Log-sum-exp = log-partition function:
The logsumexp operation $\log\sum_k e^{z_k}$ is the log-partition function $A(\boldsymbol{\eta})$ of the Categorical distribution. The numerically stable form $\max(\mathbf{z}) + \log\sum_k e^{z_k - \max(\mathbf{z})}$ is directly derived from properties of $A$.
Natural gradient: The Fisher information matrix of an exponential family is $F = \nabla^2 A(\boldsymbol{\eta}) = \operatorname{Cov}[T(X)]$. The natural gradient $F^{-1}\nabla_{\boldsymbol{\eta}}\mathcal{L}$ accounts for the curvature of the distribution manifold, giving parameter-invariant updates. K-FAC approximates $F^{-1}$ for neural networks.

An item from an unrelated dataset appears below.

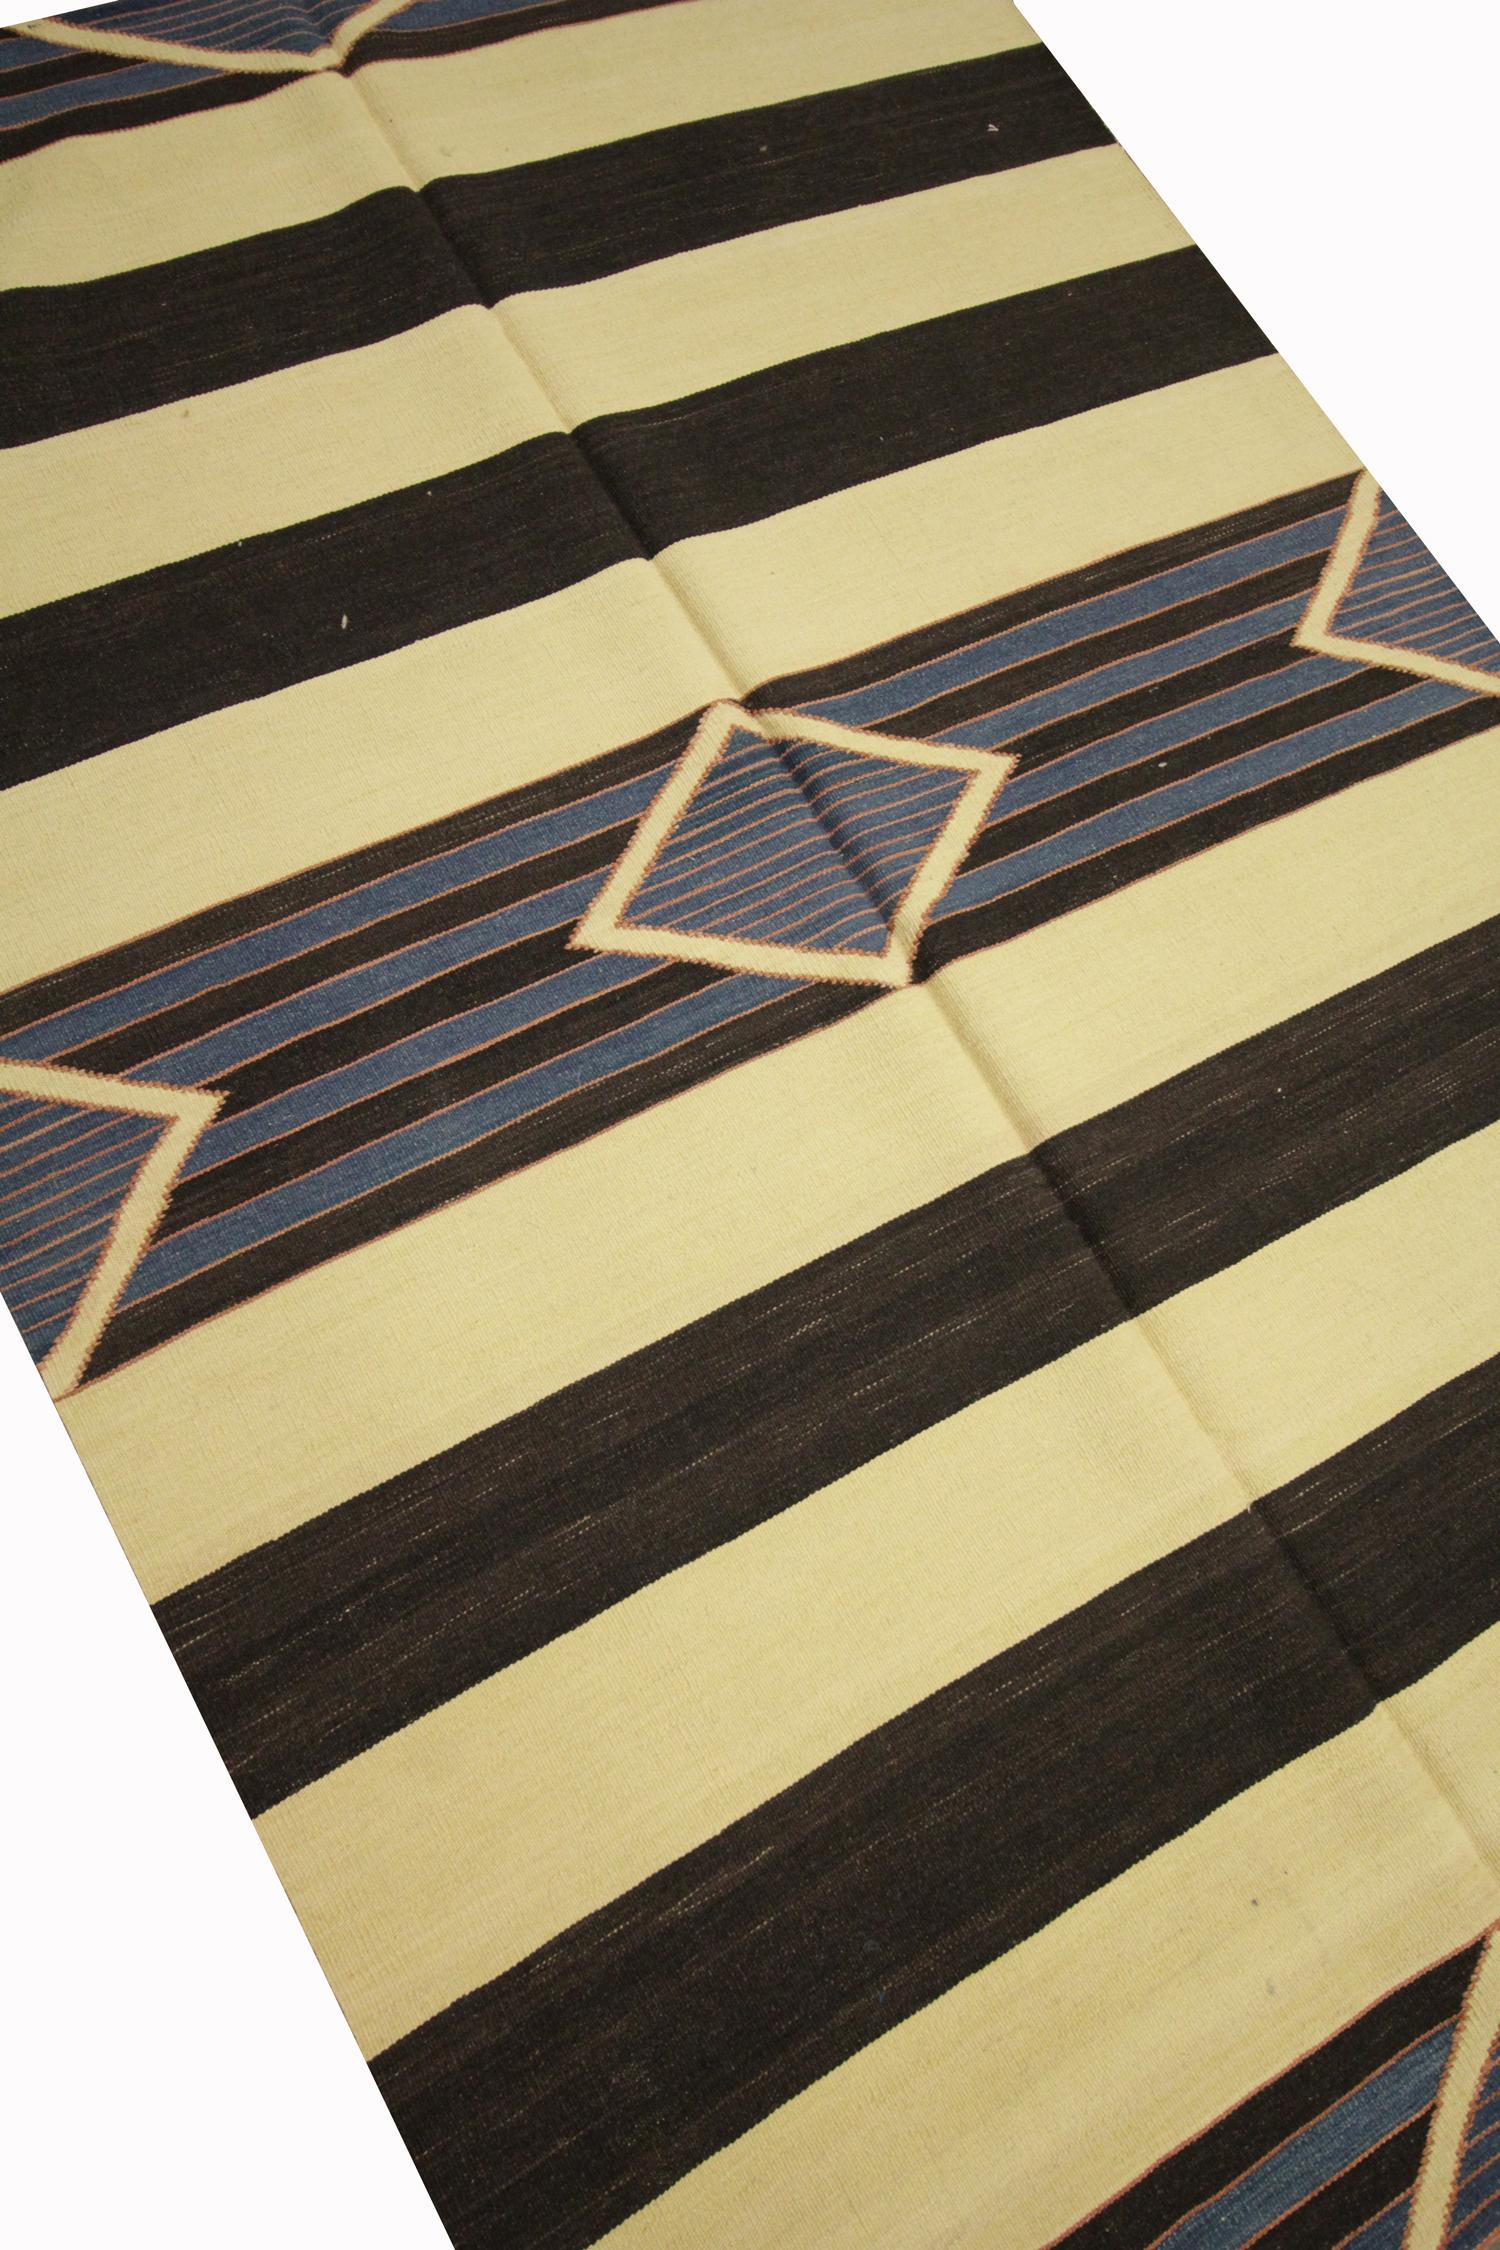 Ce tapis moderne est un Rug & Kilim en laine fine tissé à la main en Inde au début du 21e siècle. Le motif a été tissé dans une palette de couleurs simples (crème, noir et bleu) et présente un motif à rayures avec des losanges et des triangles

MLE for exponential families: The MLE of $\boldsymbol{\eta}$ satisfies:
$$\nabla A(\hat{\boldsymbol{\eta}}) = \frac{1}{n}\sum_{i=1}^n T(x^{(i)})$$meaning the expected sufficient statistics under the model equal the empirical sufficient statistics - a moment matching condition.

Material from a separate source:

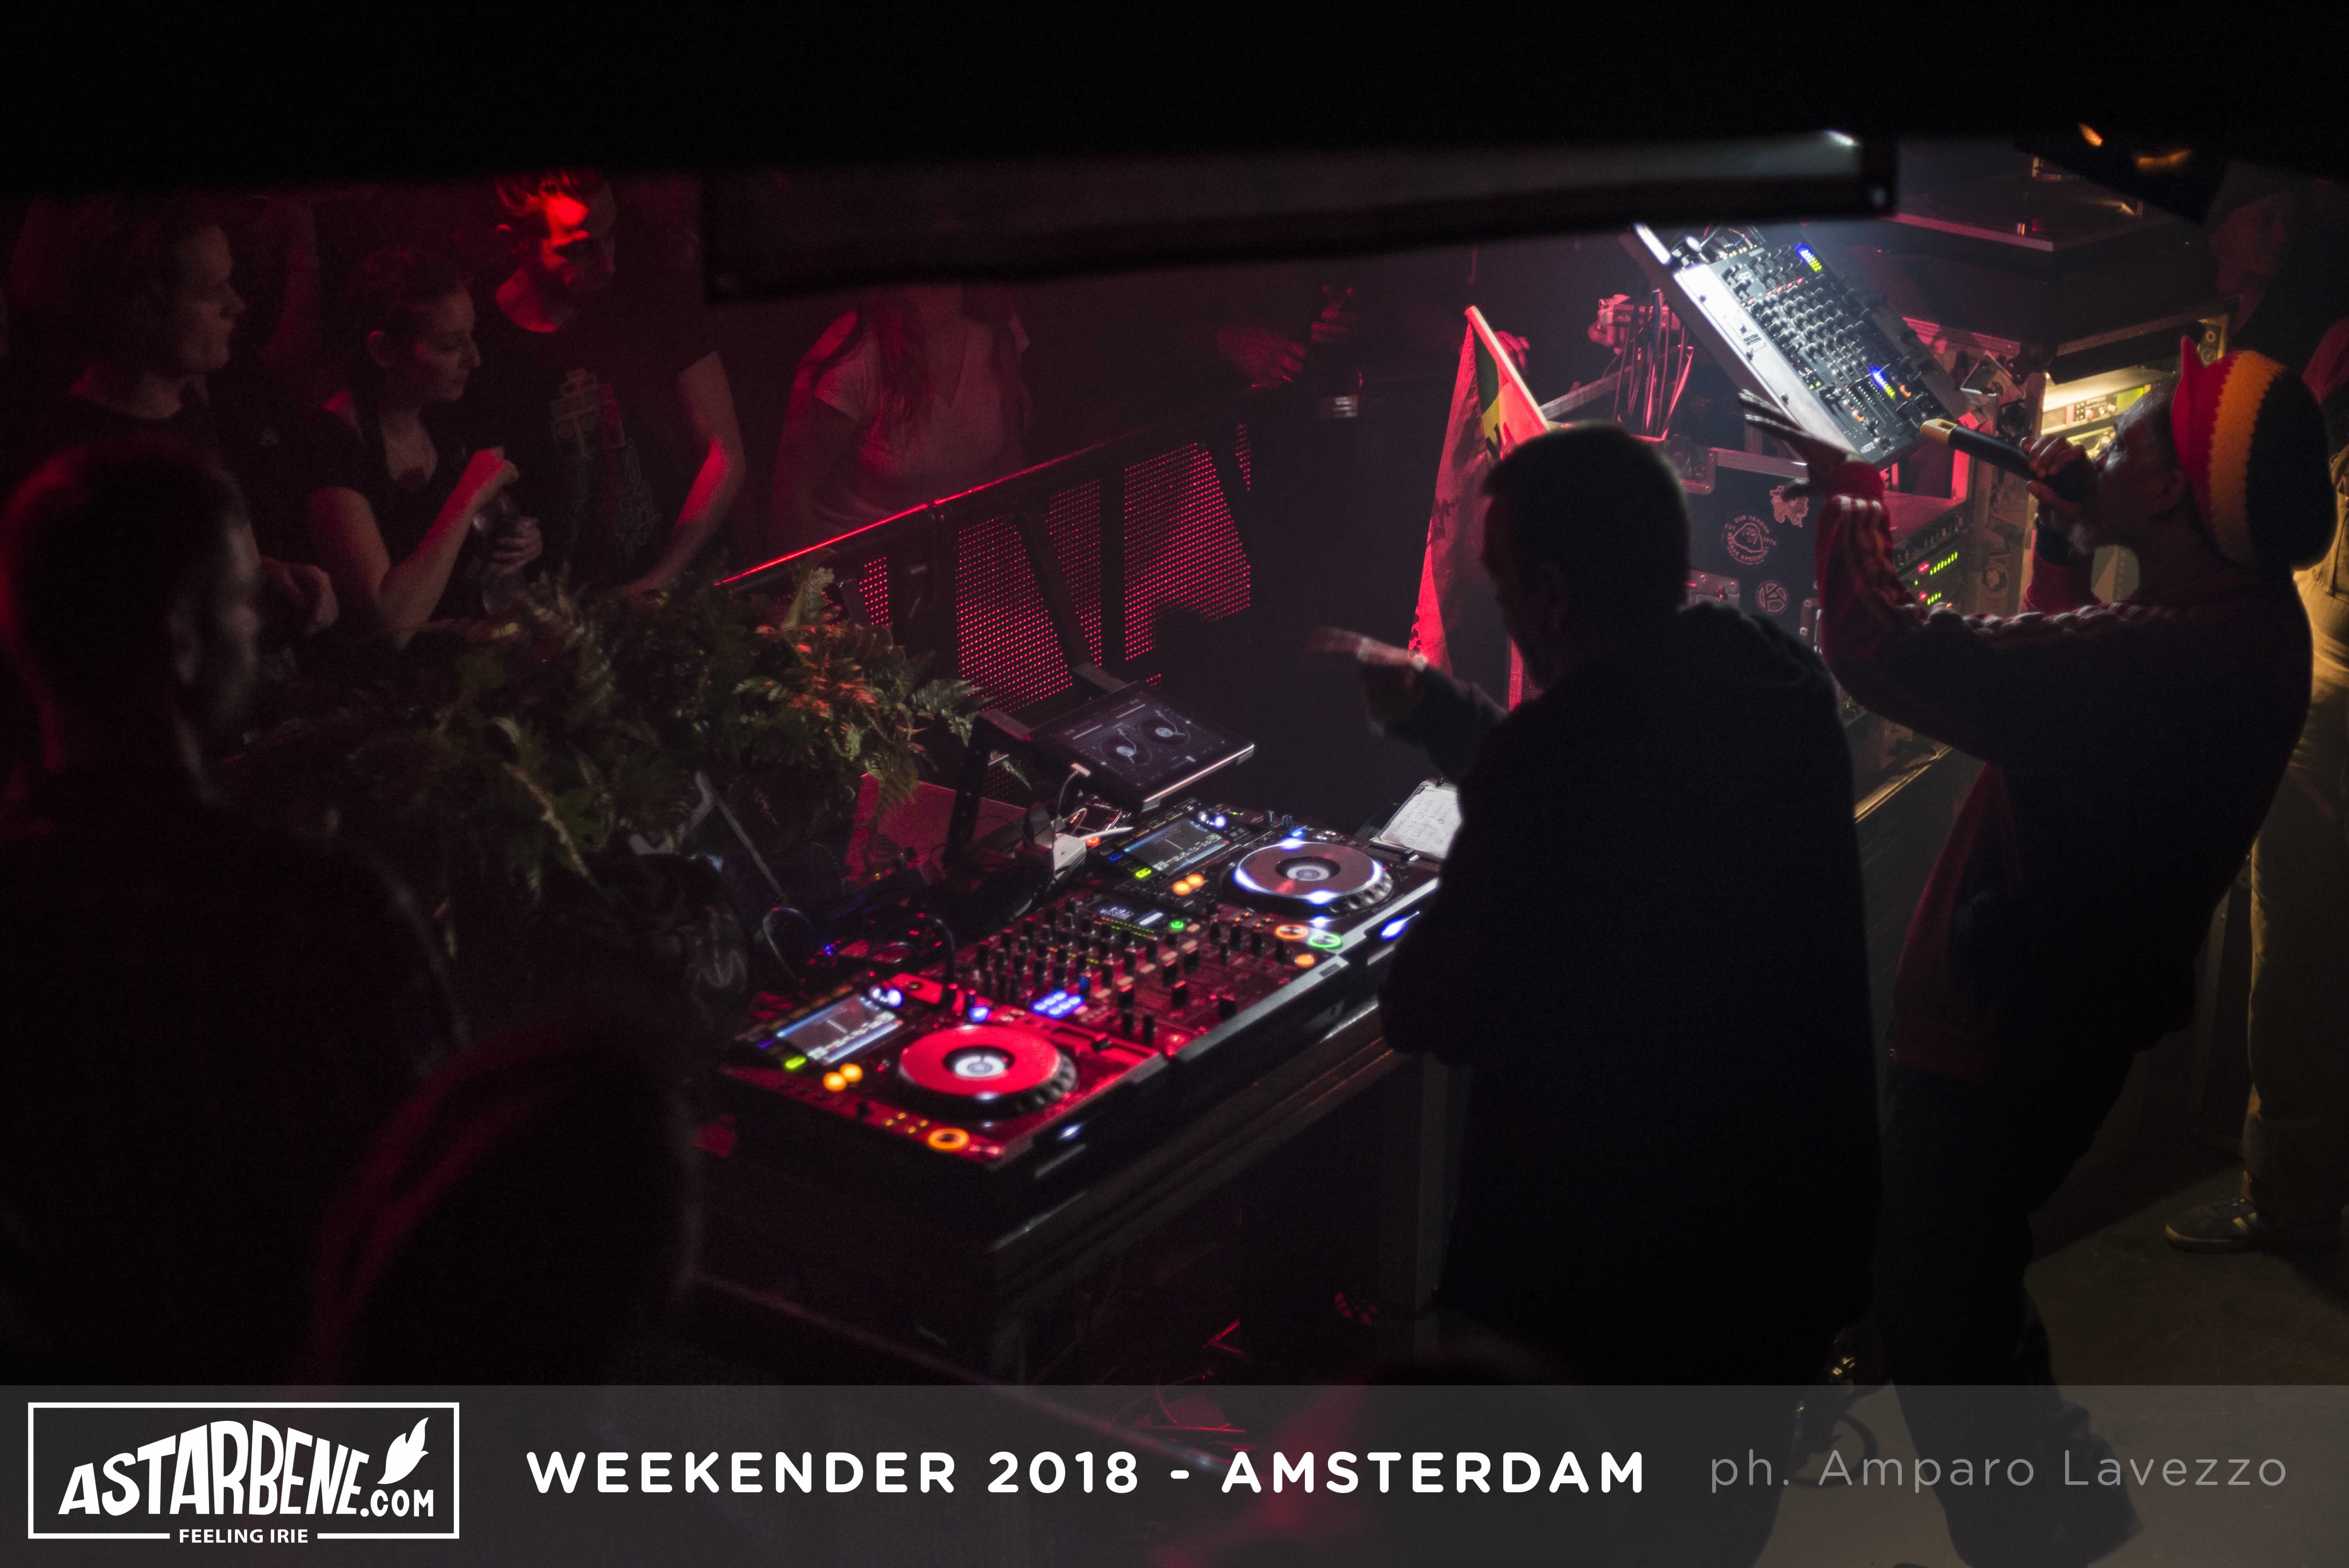 Amsterdam sound system Weekender 2018

7. Conjugate Priors in Bayesian Inference
Bayesian inference requires computing the posterior $p(\boldsymbol{\theta} \mid \mathbf{x}) \propto p(\mathbf{x} \mid \boldsymbol{\theta}) p(\boldsymbol{\theta})$. For most priors, this requires numerical integration. Conjugate priors are the special priors for which the posterior stays in the same family - making inference analytic.
7.1 Conjugacy Definition
Definition: A prior $p(\boldsymbol{\theta})$ is conjugate to a likelihood $p(\mathbf{x} \mid \boldsymbol{\theta})$ if the posterior $p(\boldsymbol{\theta} \mid \mathbf{x})$ is in the same family as the prior.
For exponential family likelihoods, conjugate priors always exist and take a canonical form. The general conjugate prior to $p(x; \boldsymbol{\eta}) = h(x)\exp(\boldsymbol{\eta}^\top T(x) - A(\boldsymbol{\eta}))$ is:
$$p(\boldsymbol{\eta}; \boldsymbol{\chi}, \nu) \propto \exp\!\bigl(\boldsymbol{\eta}^\top \boldsymbol{\chi} - \nu A(\boldsymbol{\eta})\bigr)$$After observing $n$ data points $x^{(1)}, \ldots, x^{(n)}$:
$$p(\boldsymbol{\eta} \mid \mathbf{x}) \propto \exp\!\left(\boldsymbol{\eta}^\top \left(\boldsymbol{\chi} + \sum_{i=1}^n T(x^{(i)})\right) - (\nu + n)A(\boldsymbol{\eta})\right)$$The hyperparameters update simply: $\boldsymbol{\chi} \to \boldsymbol{\chi} + \sum_i T(x^{(i)})$ and $\nu \to \nu + n$.
7.2 Beta-Bernoulli/Binomial
Model: $p \sim \text{Beta}(\alpha, \beta)$, $X_1, \ldots, X_n \mid p \overset{\text{iid}}{\sim} \operatorname{Bern}(p)$.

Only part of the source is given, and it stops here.